Lest the reader number me as one of the Woke, I’m not talking about so-called “toxic masculinity.” There’s no such thing, for one; what most people mean by “toxic masculinity,” I suppose, is too much masculinity, which ignites in a man something like the wrath of Achilles: hyper-aggression, hyper-competitiveness, hyper-possessiveness, damn near bloodlust—what most Latinos recognize as el macho. Yet, as the ancients pointed out, too much of anything is toxic, and in that way masculinity is no more toxic than femininity, or even water.
Even so, despite what James Brown said, I’m beginning to believe this is in fact a woman’s world. Not only is a woman’s womb the cradle for all human life, masculinity seems to be an aberration of sorts from a feminine norm. We all know how every human starts life as a female fetus—the male sex organs being merely the female sex organs turned inside out, minus the uterus—and how the Y chromosome is much smaller than the X chromosome, which every human being has regardless of sex.
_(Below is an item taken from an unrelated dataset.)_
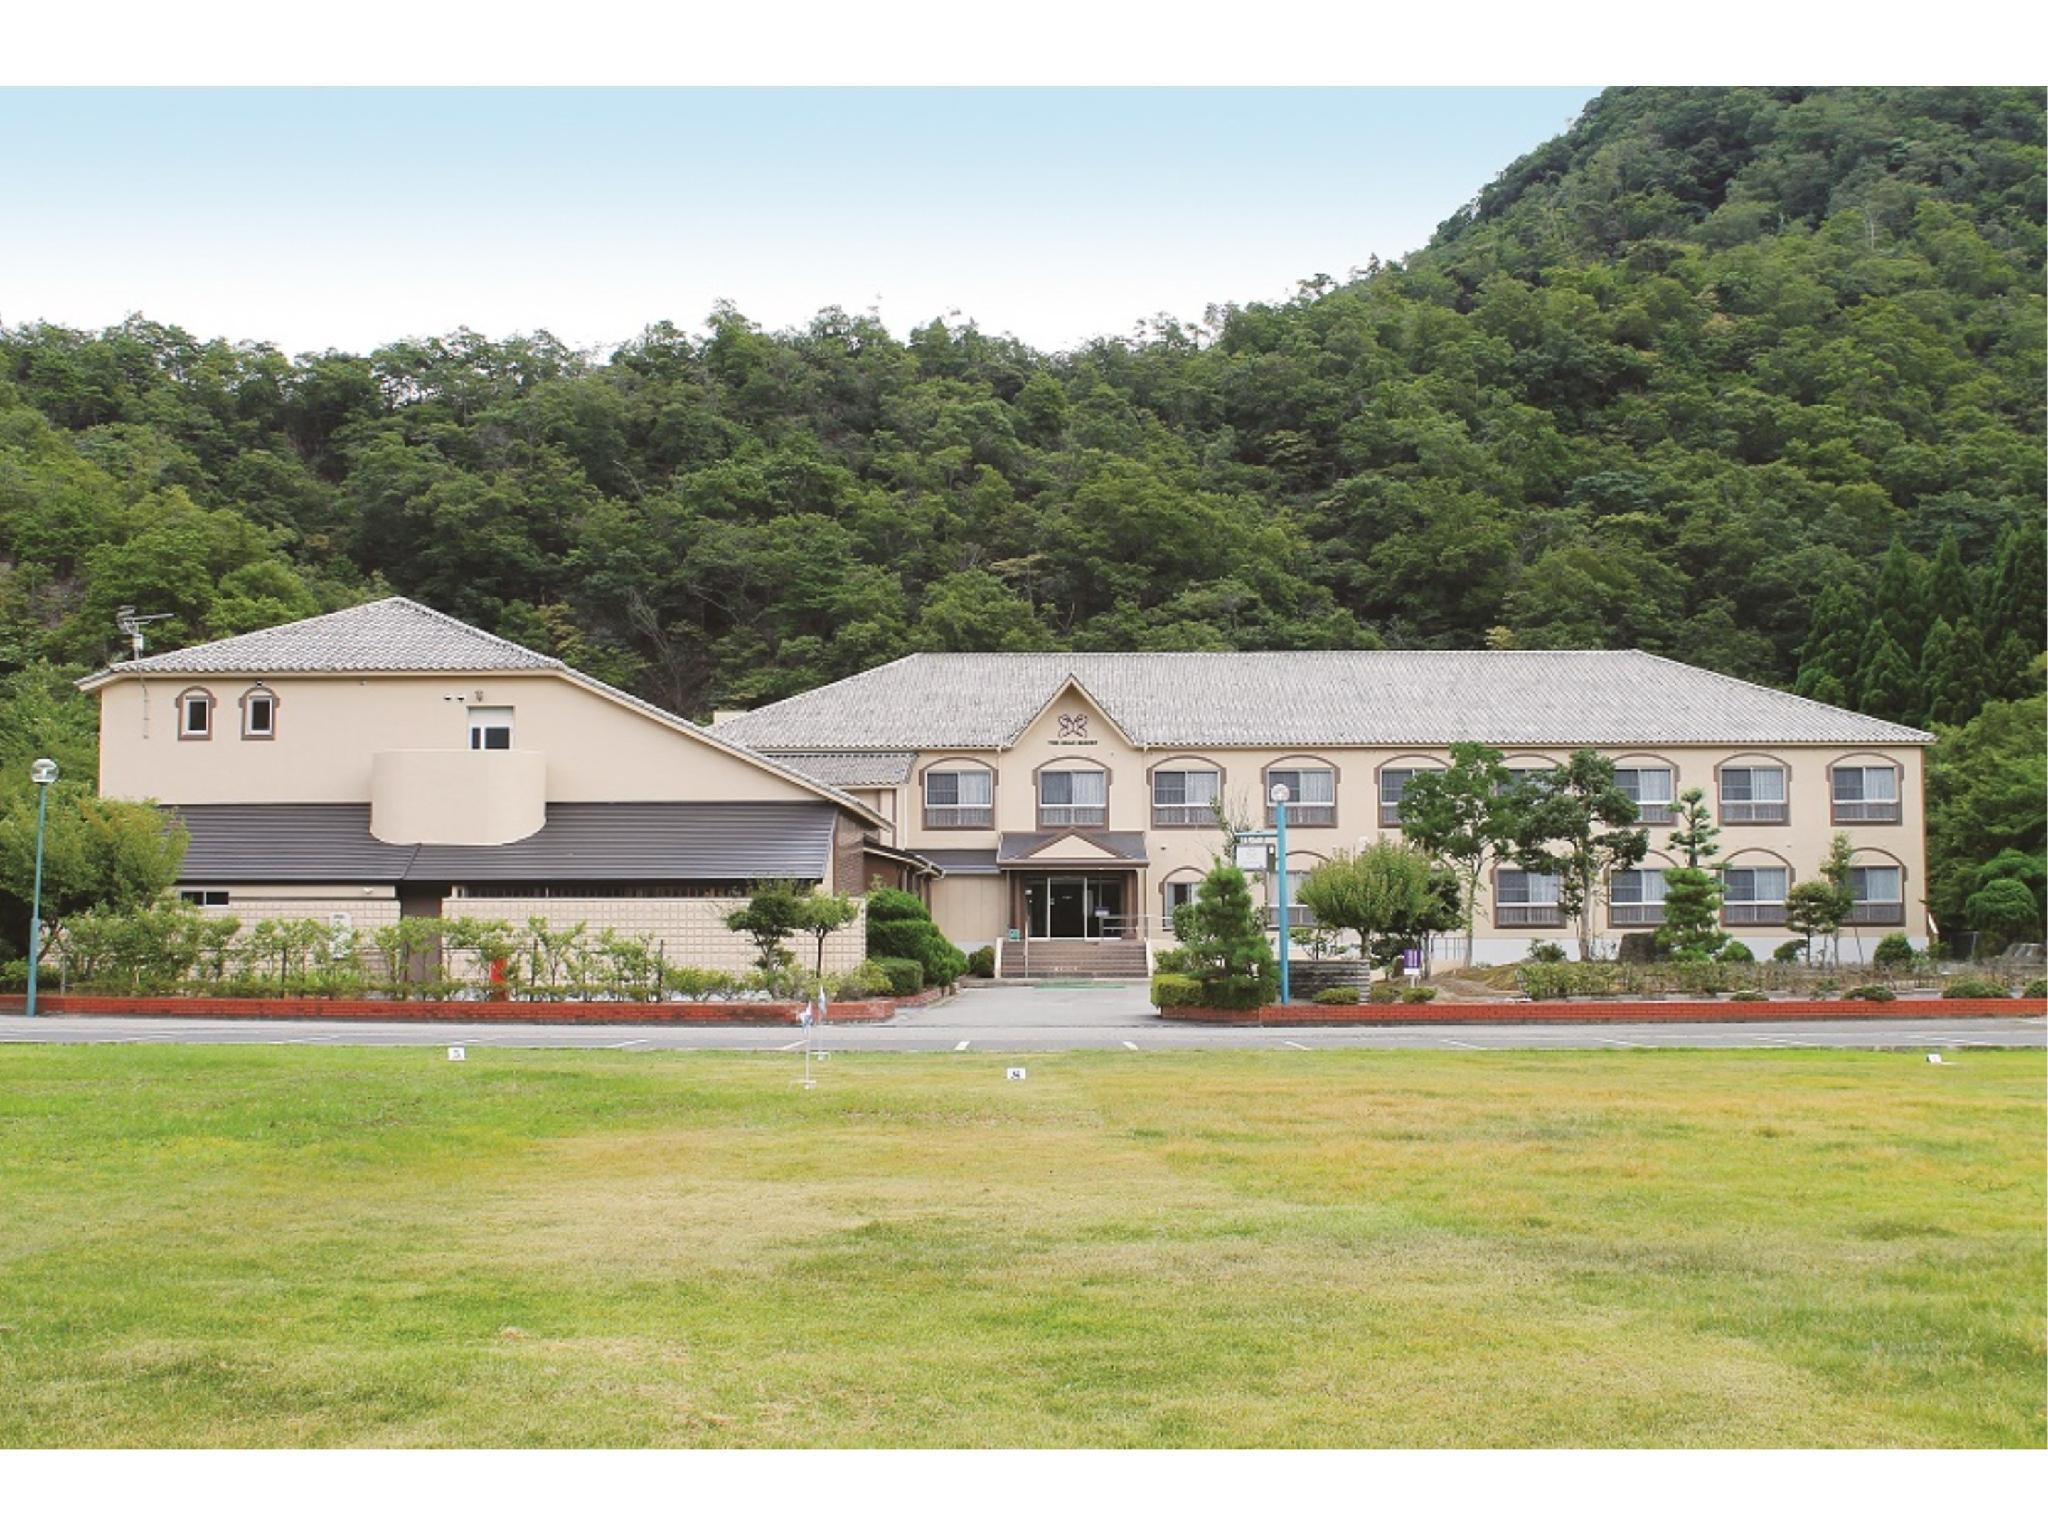 The Gran Resort Kinosaki
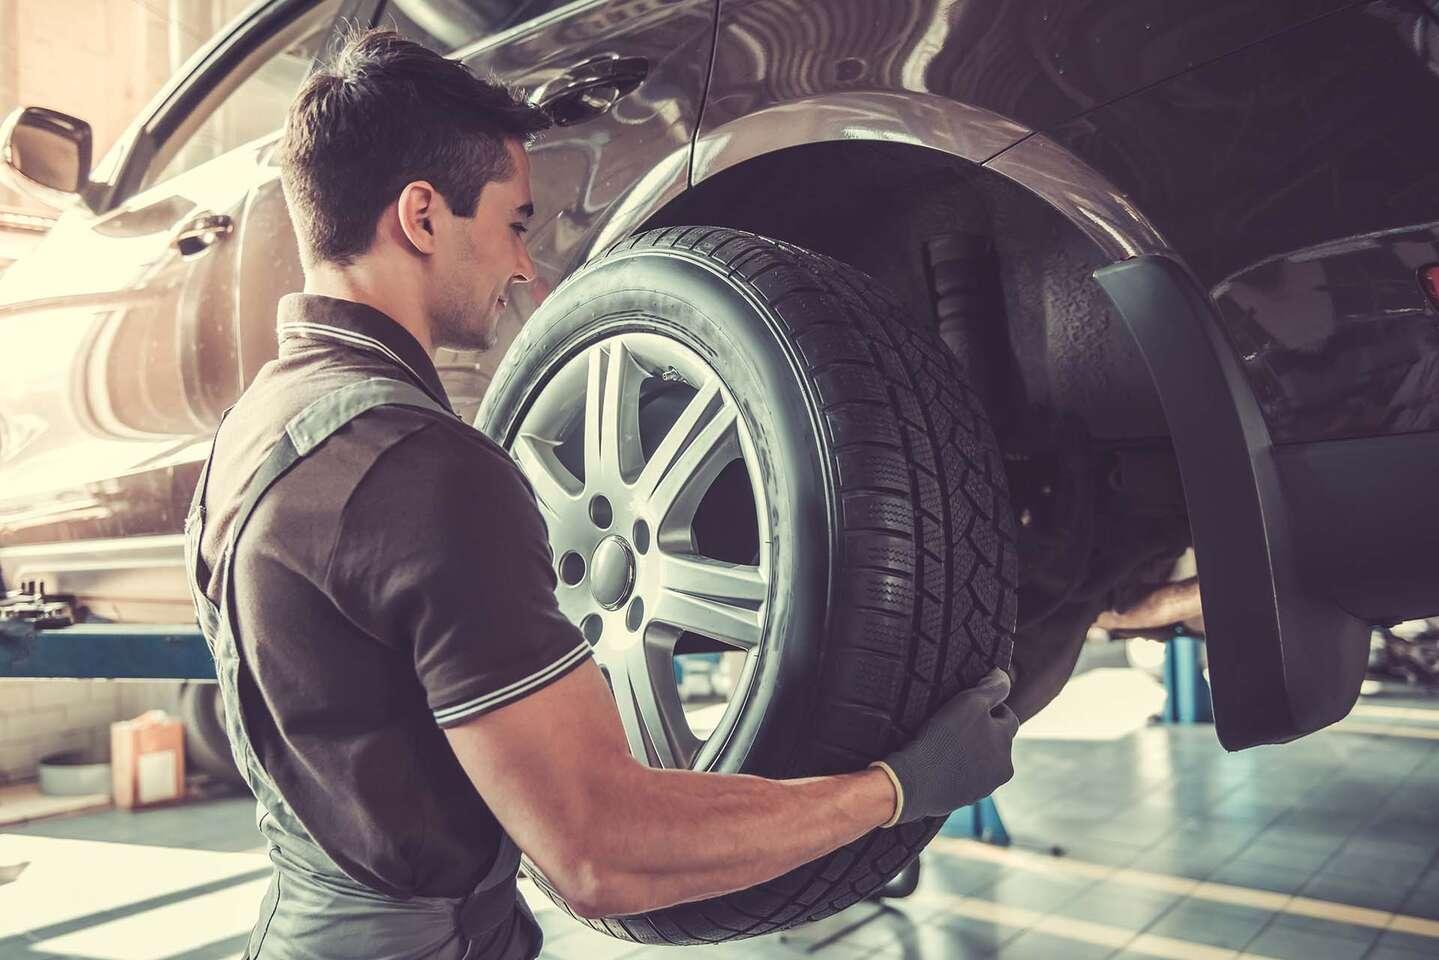 Kompletné prezutie s vyvážením a kontrola technického stavu vozi...

The X, that is, is the norm.
I’ve heard the theory of an ancient male fear of feminine power, which goes like this: Before we understood how a new human life came to be—and many of us still don’t—that a woman’s belly would grow and then, nine months in, a baby would slide out, put the fear of God in primordial men. To them it was magic, the most powerful magic there was; and that nearly every woman seemed to wield this same magic, and work it every year, made men feel vastly inferior. Besides hunting and killing each other, men could only defend the baby, not create it. Even now we hear this male inferiority whenever some dad has the nerve to say, “When we were pregnant…” We never hear a girlfriend or wife say, “When we had a boner…”—well, maybe these days we do.
There’s a reason why Mother’s Day is a much bigger holiday—practically sacred—than the day for dads, and why we speak of Mother Nature, Mother Earth and, when we’re not in a genocidal mood, the motherland. The lionesses do most of the hunting in a pride, whale and elephant societies are matriarchal (when they’re not fulfilling their biological purpose, the big bulls go it alone), and though male bears are the largest land carnivores—the T. rex of today—few would go claw to claw with a mama bear.
That isn’t to say we men are useless. We have our own purpose: to defend women. And since this seems to be our primary function, any man who doesn’t defend women is less than a man.